Backing up Spotify

112 points by Aks


dzwdz

Scraping Spotify is based but I also disagree with every point in their reasoning.

Over-focus on the highest possible quality. Since these are created by audiophiles with high end equipment and fans of a particular artist, they chase the highest possible file quality (e.g. lossless FLAC).

Yes, that's great for archival.

This inflates the file size and makes it hard to keep a full archive of all music that humanity has ever produced.

No, you can just transcode media. I believe private trackers incentivize creating torrents for both a lossless and a "decent" lossy version of an album too, for instance.

No authoritative list of torrents aiming to represent all music ever produced. An equivalent of our book torrent list (which aggregate torrents from LibGen, Sci-Hub, Z-Lib, and many more) does not exist for music.

Private trackers? I do agree that they're not perfect for preservation: they're, well, private, some rules are ridiculously strict (why the hell do you insist people use their home IPs on a website dedicated to commiting felonies?) - on the other hand I heard the incentives for long-term seeding are good... but I doubt that's necessary [1, 2].

Still - I've (sadly) used Spotify enough to see the tail of badly tagged albums, missing tracks, etc. I would absolutely not call a Spotify scrape authoritative.

Over-focus on the most popular artists. There is a long tail of music which only gets preserved when a single person cares enough to share it.

...is also hilarious considering how many artists I know aren't on Spotify, with even pretty popular ones removing their music from the platform [1, 2, 3]. Just yesterday I've noticed half of the tracks from an EP I used to listen to a lot are missing.

I also don't really see the issue with the "only gets preserved when a single person cares enough to share it" part. That's how most pirate libraries function, and they're doing great. It can be spun as a positive - there's a lot of AI slop on Spotify nowadays, and the "someone has to care about it" step filters it out. Not that it's a high bar either. I've heard of people buying obscure records and ripping them just to get some buffer on a private tracker.

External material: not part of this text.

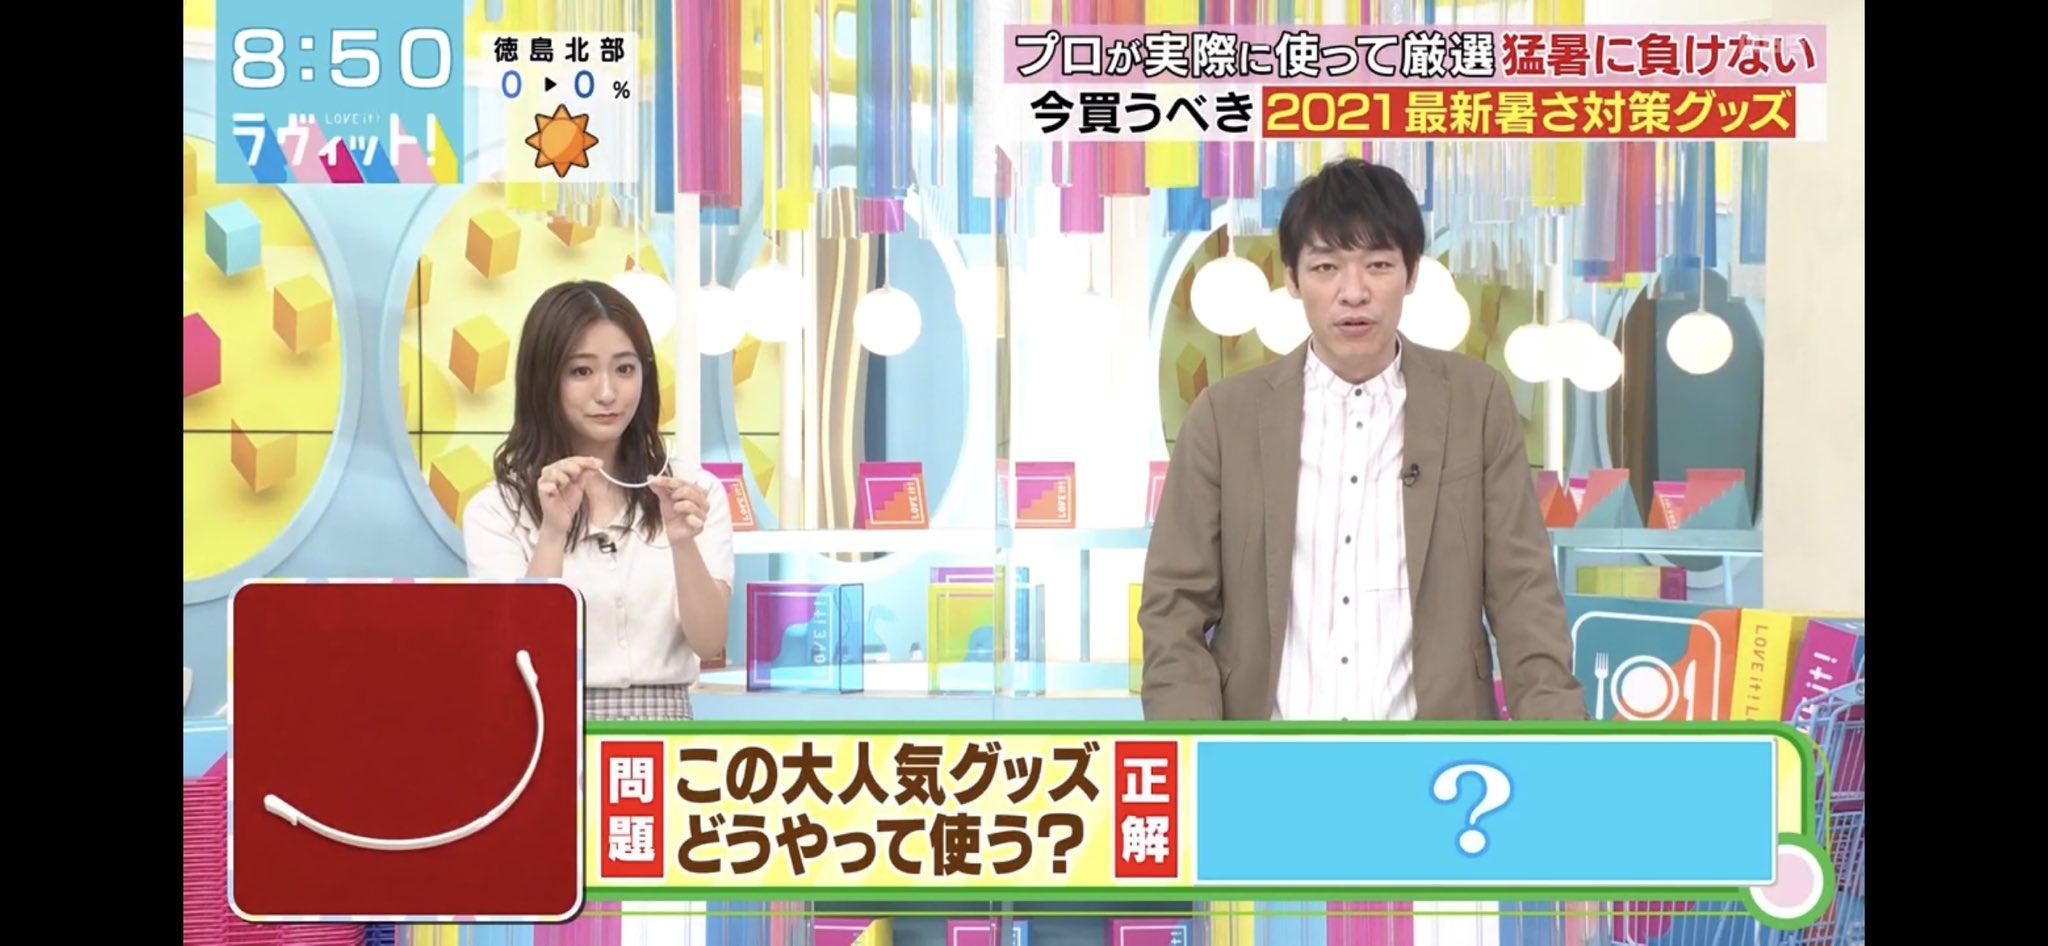 TBSテレビのラヴィット!で暑さ対策グッズとしてクイズ形式で取り上げられました。

For popularity>0, we got close to all tracks on the platform. The quality is the original OGG Vorbis at 160kbit/s. [...] For popularity=0, we got files representing about half the number of listens (either original or a copy with the same ISRC). The audio is reencoded to OGG Opus at 75kbit/s

Jesus. So we're re-encoding from one lossy codec to another? That doesn't strike me as a great idea.


For now this is a torrents-only archive aimed at preservation, but if there is enough interest, we could add downloading of individual files to Anna’s Archive. Please let us know if you’d like this.

Please don't. The last thing we need is RIAA on your ass. Anna's Archive is absolutely amazing for for ebook piracy, but we already have much better alternatives available for music (that are just as easily accessible, but superior in both quality and available material).

This makes me think of the "free lending" blunder archive.org made around the lockdowns (IIRC). It put them in a lot of unnecessary legal trouble, threatening their other, IMO much more valuable, endeavors. Obviously the situation here is a bit different but I'm still uneasy about this whole thing.